Exercise description:
Everything in the listing below should be written out again exactly, except the pictures.

Data segment:
== Segment start ==

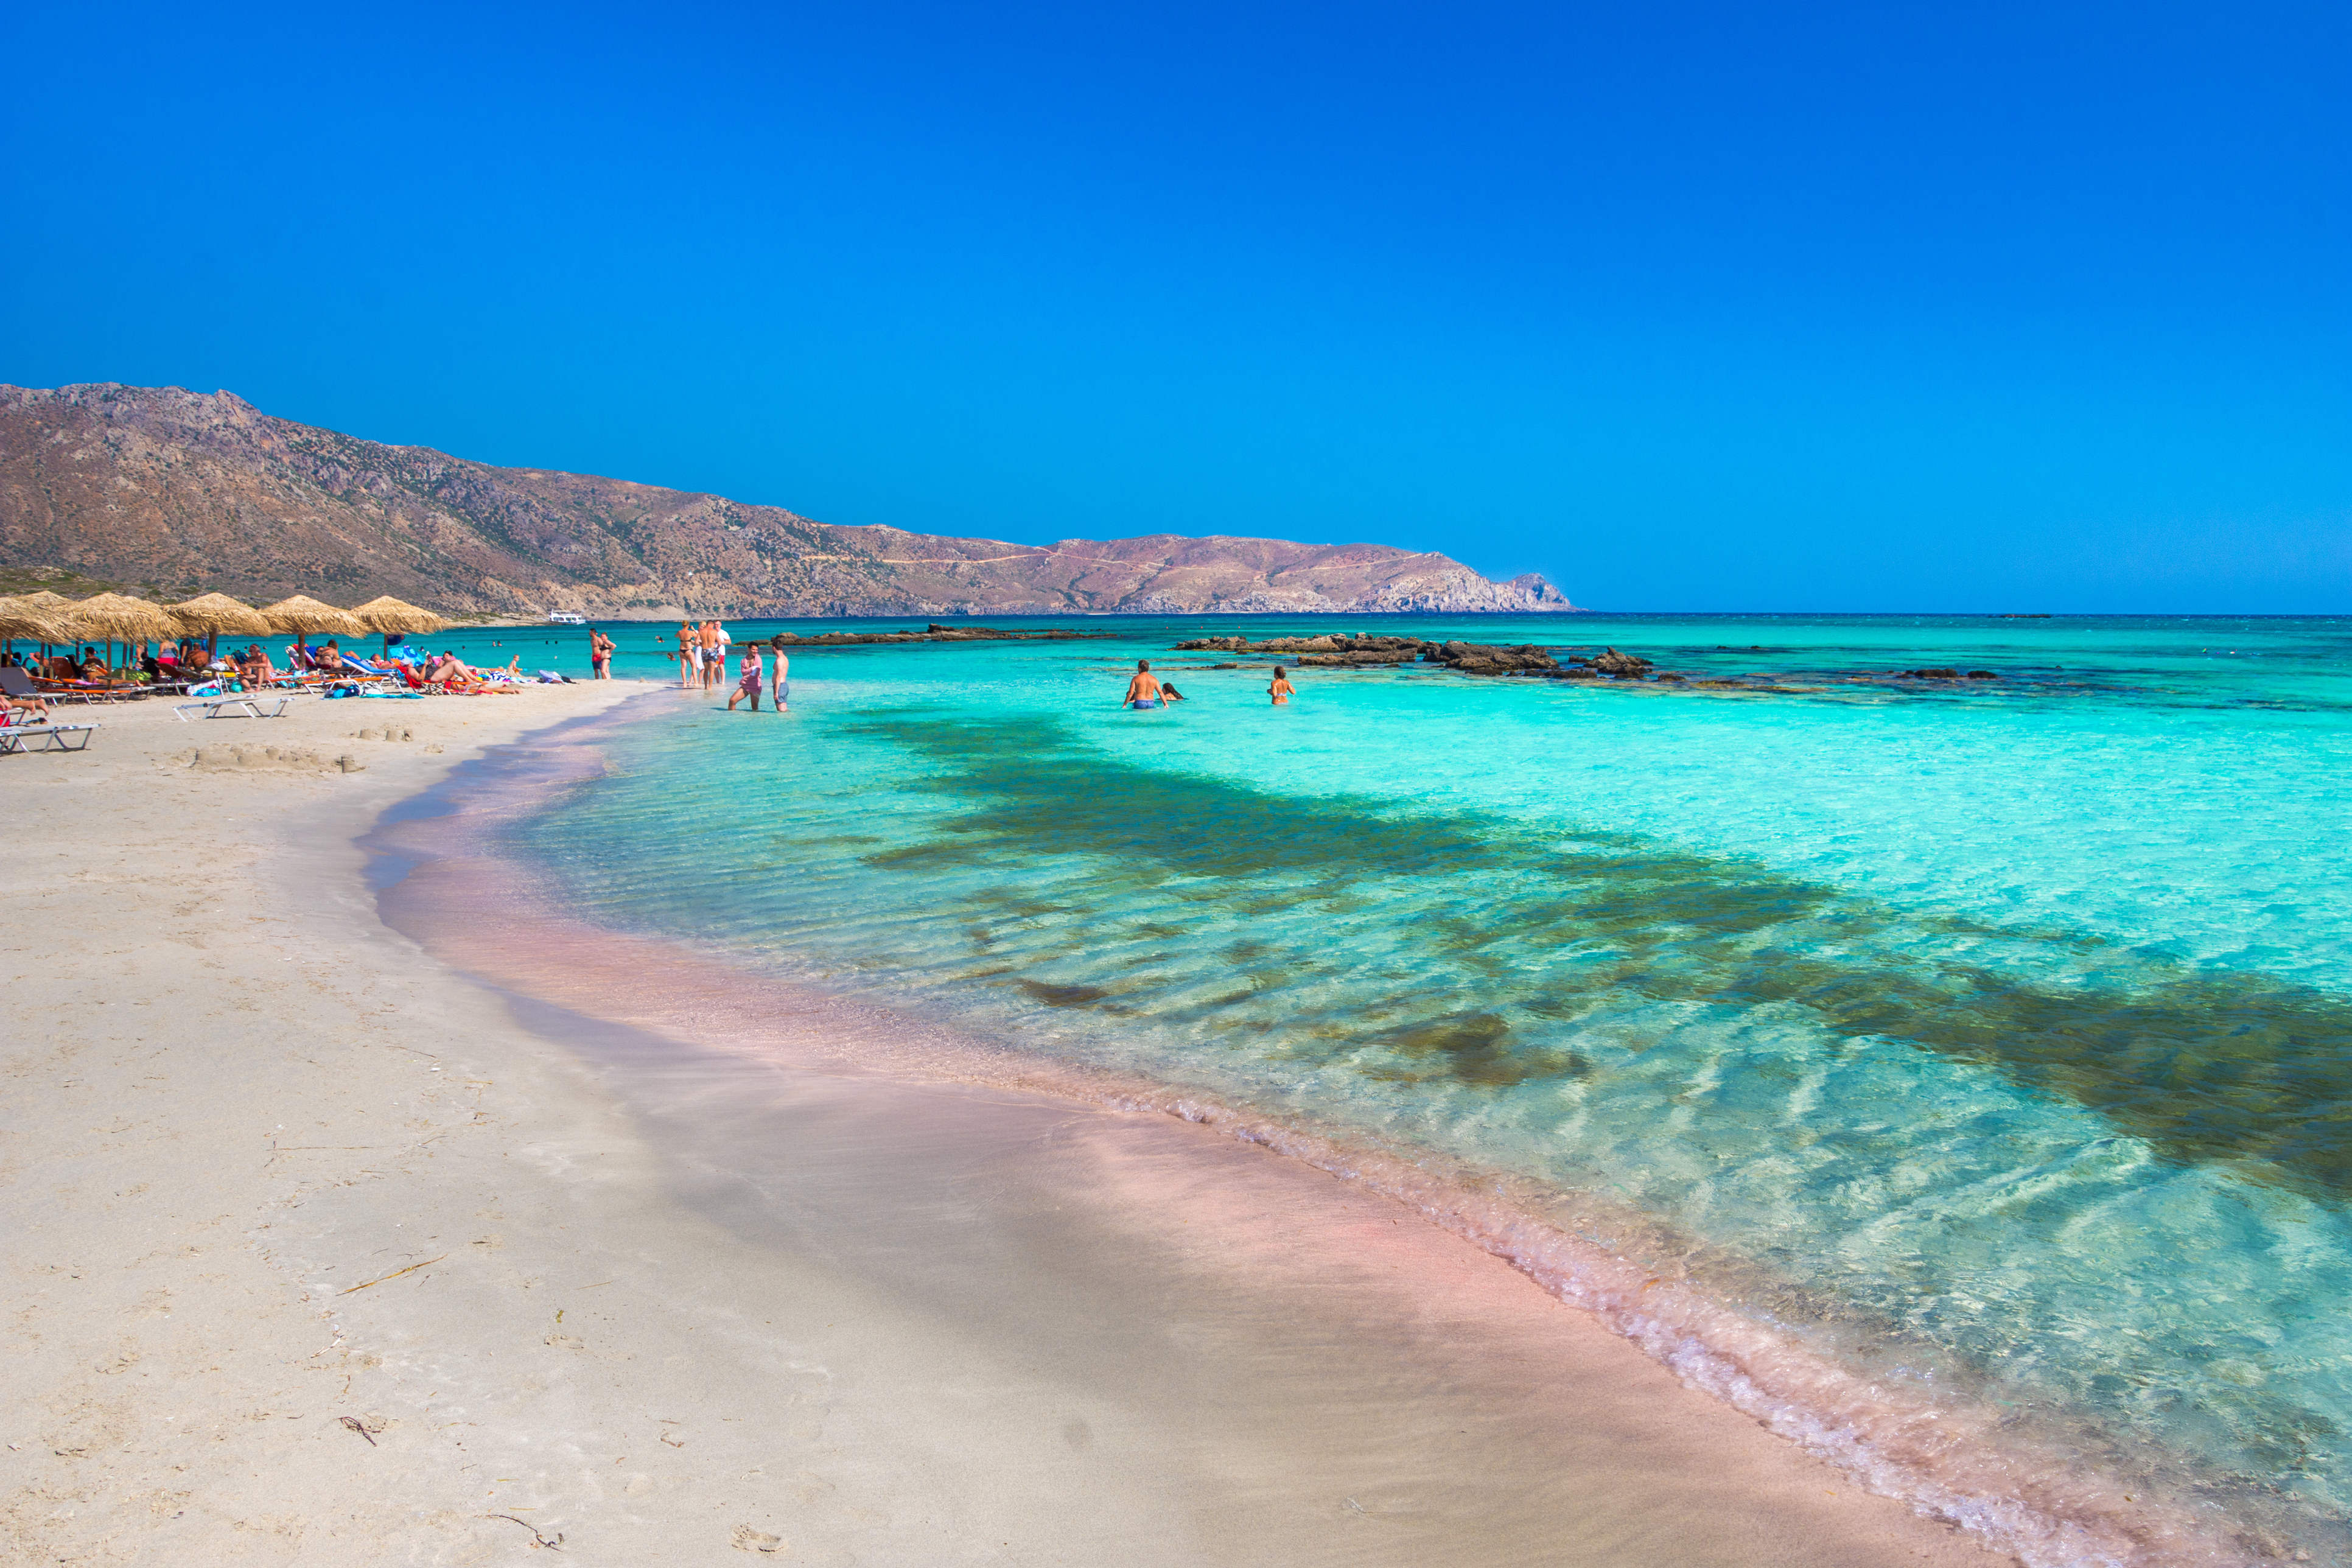 <p>Елафониси, Гърция</p>

<p>Искате да отиде на остров? В Гърция имате доста богат избор: островите там са над 3 000. Най-големият е Крит, който посреща над четири милиона любители на слънцето годишно. Многото заливи, в които морето блести във всички цветове, са предпочитана дестинация на почиващите. Заливът Елафониси със своя фин пясъчен плаж е един от най-красивите.</p>
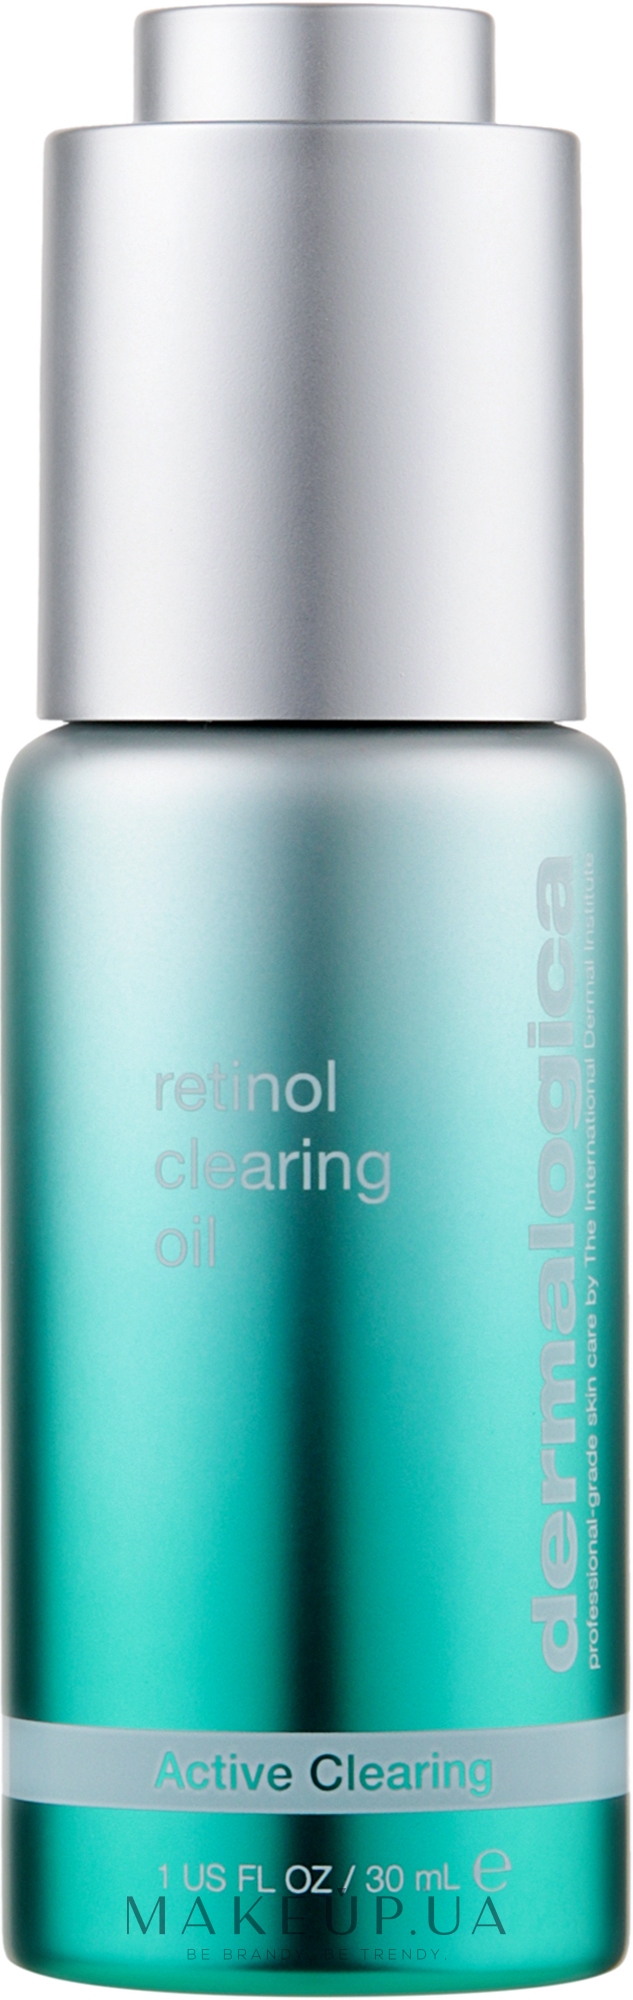 Активна очищувальна олія з ретинолом - Dermalogica Retinol Clearing Oil — фото 30ml

== Segment end ==

Response:
 <p>Елафониси, Гърция</p>

<p>Искате да отиде на остров? В Гърция имате доста богат избор: островите там са над 3 000. Най-големият е Крит, който посреща над четири милиона любители на слънцето годишно. Многото заливи, в които морето блести във всички цветове, са предпочитана дестинация на почиващите. Заливът Елафониси със своя фин пясъчен плаж е един от най-красивите.</p>
 Активна очищувальна олія з ретинолом - Dermalogica Retinol Clearing Oil — фото 30ml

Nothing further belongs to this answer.